De Tezuka, je ne connais guère que le dessin-animé Astro, le petit robot, produit d’après son manga, dans les années 80. J’ai lu il y a assez longtemps Les 3 Adolf, qui était déjà très marquant. Ce n’est donc qu’une petite partie de l’œuvre gigantesque d’Osamu Tezuka, considéré comme le Dieu du manga.
Avec Kihirito, on commence tranquillement par une histoire intimiste, un triangle amoureux entre un docteur, son concurrent pour gagner l’amour d’Izumi, et son supérieur hiérarchique manipulateur.
A l’hôpital, un patient s’est transformé en chien et semble sur le point de mourir. Cette mystérieuse maladie fascine et inquiète le Docteur Kirihito Osanaï, promis à un brillant avenir. Il se porte alors volontaire pour enquêter dans un petit village à la campagne afin de déterminer si la maladie est endémique, ce dont il est persuadé. Sur place, il doit faire face à des villageois hostiles. Il tombe amoureux d’une jeune autochtone et finit par contracter lui-même la maladie.

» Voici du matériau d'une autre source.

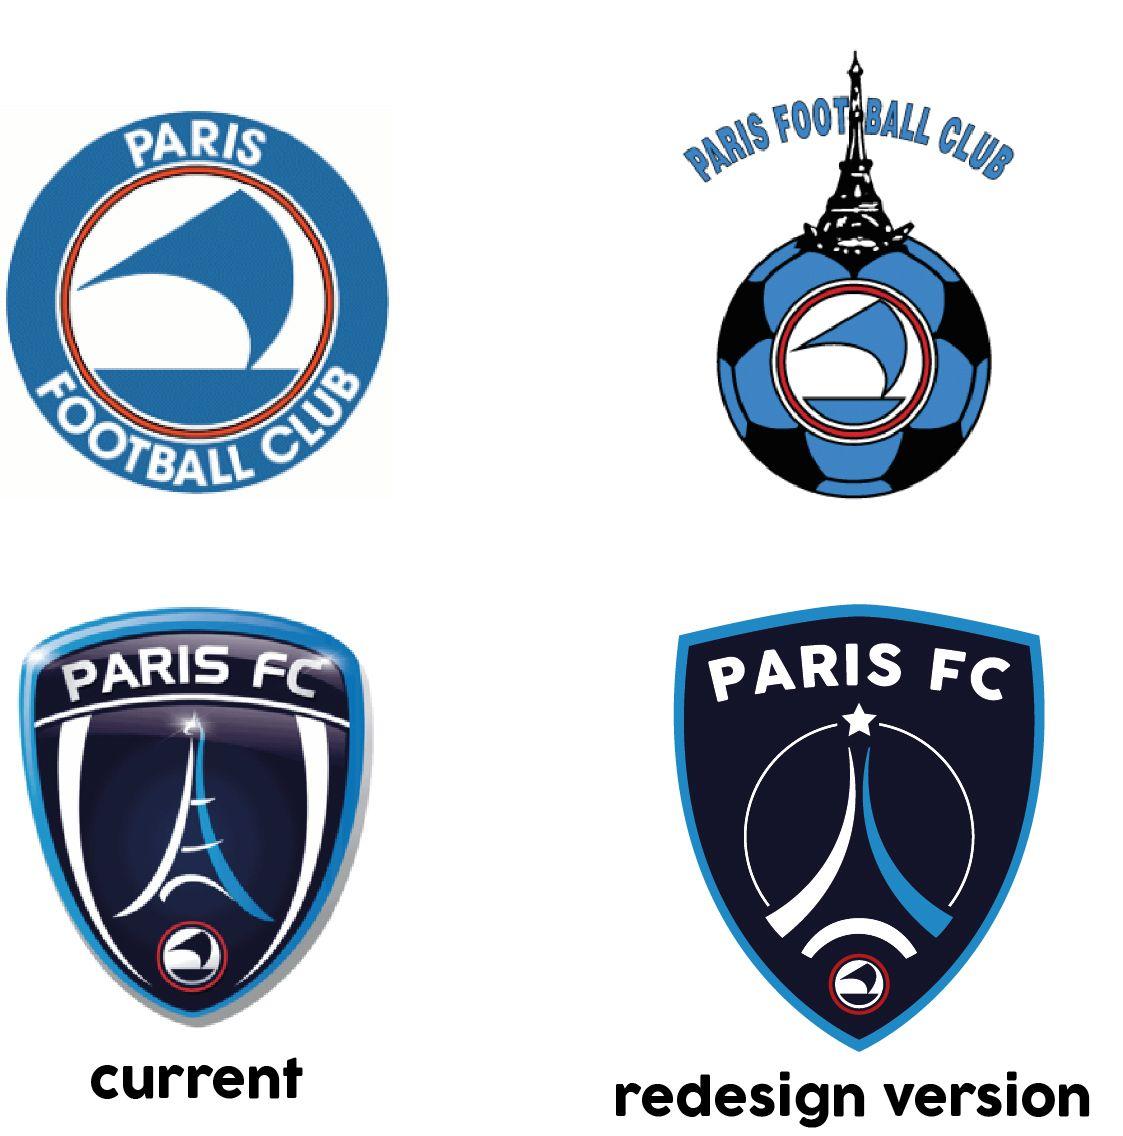 Paris FC Logo - Paris Fc Logo Redesign. on Behance
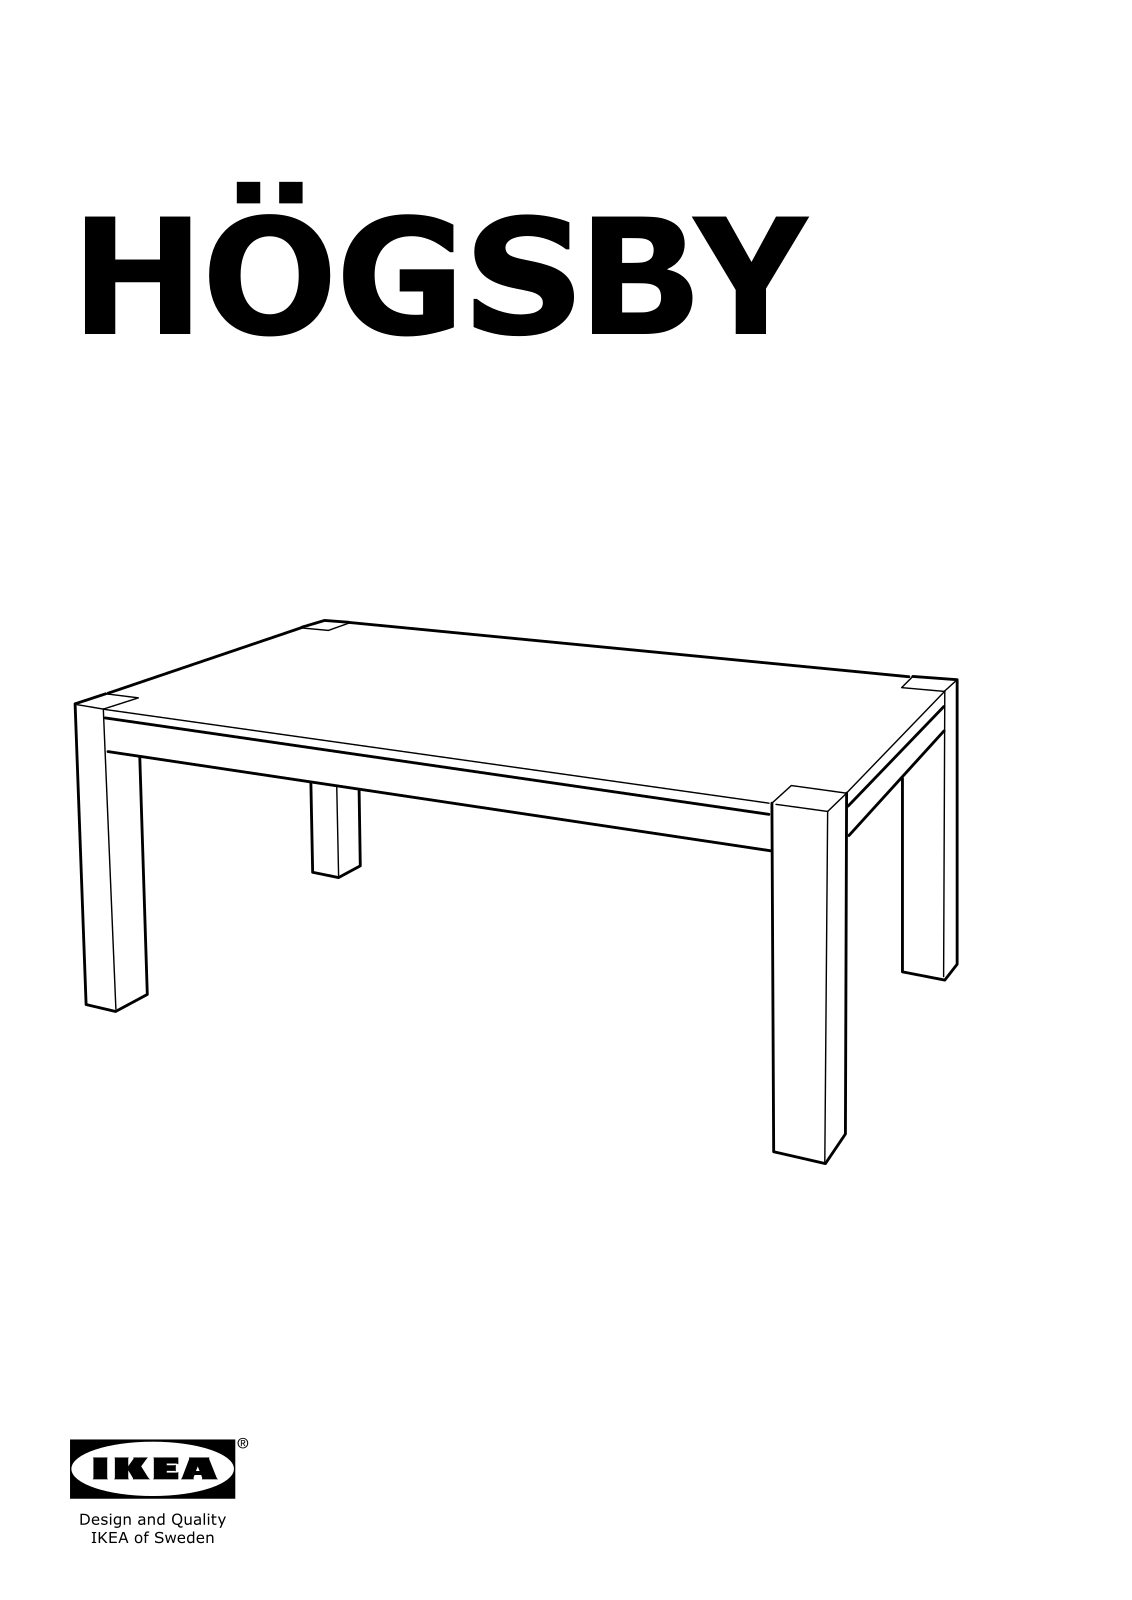 IKEA HOGSBY User Manual

Le dessin presque naïf de Tezuka fait un contraste puissant avec l’intrigue. Si au début, tout est assez banal et convenu, plus on avance, plus c’est pire. Le récit s’élargit de plus en plus sans toutefois trop se disperser, le tout étant bouclé en seulement quatre volumes (plus de 800 pages quand même).
Le point de départ se concentre sur le microcosme de l’hôpital. Puis il se développe dans un petit village de campagne. A la fin du premier volume, cela vire au récit d’aventures internationales ! On pense un peu à Tintin avec de multiples rebondissements et des voyages lointains. On pourra trouver que la mule est un peu chargée car les intrigues se multiplient comme si Tezuka avait peur que le soufflé retombe. Même le style et l’atmosphère sont changeants, ce qui n’est pas forcément un défaut.
Contrairement à Hergé, et même s’il intègre ça et là de l’humour, Tezuka glisse progressivement dans l’horreur. Et même s’il n’y a rien de trop « graphique », les idées horribles sont là et les ellipses effrayantes, destinant ce manga à un public adulte.
Viols,meurtres, traites d’humains, tortures. L’auteur semble fasciné par la cruauté sans limite des hommes. Son héros s’en sort plutôt bien au début mais finalement il ne maîtrise plus rien et s’enfonce dans un chaos qui semble inexorable. Certains passages sont glauques et offrent une vision de sexualité déviante assez étrange (le personnage de Li-Hua est une nymphomane attirée par le côté « chien » du docteur !)
Passionné de médecine, Tezuka imagine cette maladie bizarre, qui donne une envie irrépressible de viande crue aux victimes. Il fait de son histoire un thriller médical et scientifique passionnant. Notre héros doit affronter d’autres médecins, qui ont chacun une théorie et des conflits d’intérêts.
Par le biais de la difformité pathologique, l’auteur aborde la question de l’acceptation de la différence. En annexe, on y trouve un discours sur le racisme et l’on voit comment sont vus les Japonais dans une Afrique du Sud encore gangrénée par l’apartheid. Outre les péripéties, le fil principal est constitué par un grand questionnement moral et éthique, sachant que docteur était la vocation initiale d’Osamu Tezuka.
C’est édité chez Delcourt, soit sous la forme de 4 volumes, soit sous forme d’intégrale.